Now that we have standardized the data, let's repeat the steps above see whether or not the models have improved.

In [None]:
#Target is the frat column
y = df['Frat']
#Classify on 'danceability', 'energy', 'loudness', 'speechiness', and'acousticness'
X = df[['danceability', 'energy', 'loudness', 'speechiness','acousticness']]
#Use 20% of the data to test and the rest to train
X_train, X_test, y_train, y_test = train_test_split(X, y, test_size=0.2, random_state = 42)

In [None]:
#Create and deploy LazyClassifier model
clf = LazyClassifier(verbose=0,ignore_warnings=True, custom_metric=None)
models,predictions = clf.fit(X_train, X_test, y_train, y_test)
models

In [None]:
#Target is the frat column
y = df['Frat']
#Use all the Spotify attributes to classify a song
X = df.drop(['Title', 'ID', 'Frat'], axis = 1)
#Use 20% of the data to test and the rest to train
X_train, X_test, y_train, y_test = train_test_split(X, y, test_size=0.2, random_state = 42)

In [None]:
#Create and deploy LazyClassifier model
clf = LazyClassifier(verbose=0,ignore_warnings=True, custom_metric=None)
models,predictions = clf.fit(X_train, X_test, y_train, y_test)
models

Overall, the classifiers themselves and the scores of the classifiers haven't changed at all, thus making me come to the concluion that normalizing the data didn't really matter. Again, the models in which every attribute was used tended to yield better results. 

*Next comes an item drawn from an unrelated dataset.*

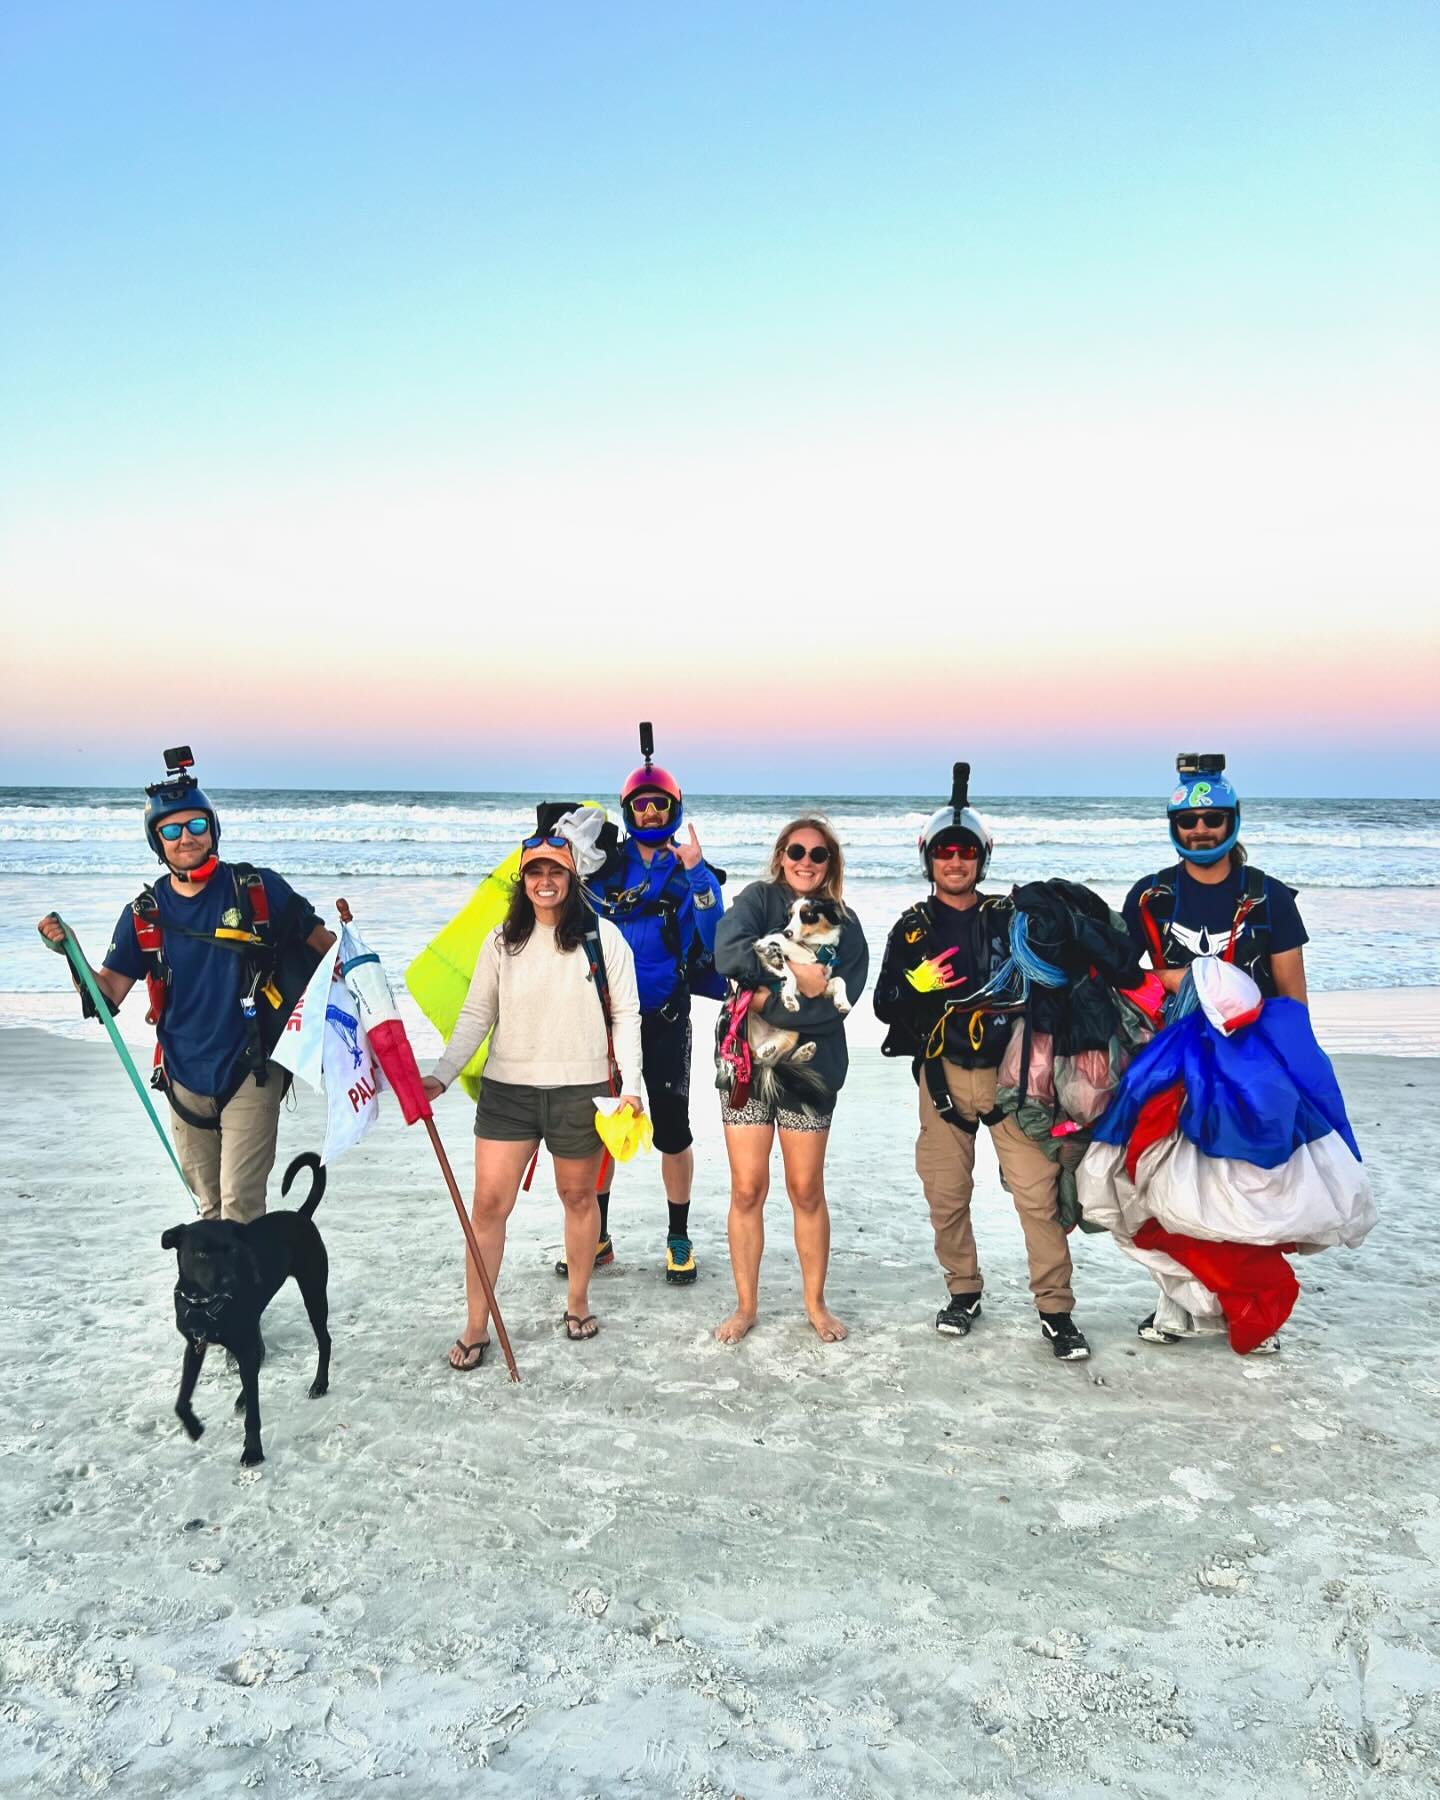 Sunset beach jump at Matanzas Beach was a hit! 🌅🪂 Spectators&rsquo; &lsquo;Ooohs&rsquo; and &lsquo;Ahhhs&rsquo; filled the air with excitement. Jumpers had a blast with stunning views. Thank you Heather for flying!  #SkydivePalatka #SunsetJump

Although these models yielded great results, the key metric that I really care about here is precision, as I want to find what proportion of predicted frat songs was actually correct. I decided to take the top 4 models that yielded the best results in the classification above and measure the precision of each of them.

The first model I tested was NuSVC:

In [None]:
#Create and test NuSVC model
clf = make_pipeline(StandardScaler(), NuSVC())
clf.fit(X_train, y_train)
y_predict = clf.predict(X_test)
precision_score(y_test, y_predict, average='micro')

Here, the precision score of this model was 89.03%.

The next model I tested was Random Forest Classifier:

In [None]:
#Create and test RandomForestClassifier model
clf = RandomForestClassifier(random_state=0)
clf.fit(X_train, y_train)
y_predict = clf.predict(X_test)
precision_score(y_test, y_predict, average='micro')

From this, the precision score of this model was 89.03%.

The next model I tested was SVC:

In [None]:
#Create and test SVC model
clf = make_pipeline(StandardScaler(), SVC(gamma='auto'))
clf.fit(X_train, y_train)
y_predict = clf.predict(X_test)
precision_score(y_test, y_predict, average='micro')

Here, the precision score of this model was 89.87%: a significant jump from the previous model.

The last model I checked was LinearSVC:

In [None]:
#Create and test LinearSVC model
clf = make_pipeline(StandardScaler(),LinearSVC())
clf.fit(X_train, y_train)
y_predict = clf.predict(X_test)
precision_score(y_test, y_predict, average='micro')

Here, the precision score of this model was 89.03%

Overall, it seems that the best model to use here is <a href = https://scikit-learn.org/stable/modules/generated/sklearn.svm.SVC.html#sklearn.svm.SVC>SVC</a>, as it has the highest percision out of all the models tested.

## <center>Conclusion</center>
It turns out that making, let alone making a hit song, is a lot deeper than people expect it to be. Before this project, I had no idea about the metrics that Spotify stores for each song. However, with the use of these metrics, we were able to not only identify defining characteristics of popular party songs, but we were able to use this information and more to create a model that can help DJs and hosts everywhere curate playlists to ensure the satisfaction of partygoers all over the world. Although the approach of this project was to determine good songs to play at a party, the project is robust enough for you to curate it to your personal needs such as trying to make a playlist for a friend or finding songs that match your current mood. The next step, if any for this project, is to find ways to increase the precision and accuracy of these models and eventually refine it enough so that they can replace a human altogether. I would also love to test the validity of my model by curating a playlist for a party and playing it for an actual crowd. Overall, I hope that this was worth the read and you were able to learn something that you didn't know earlier.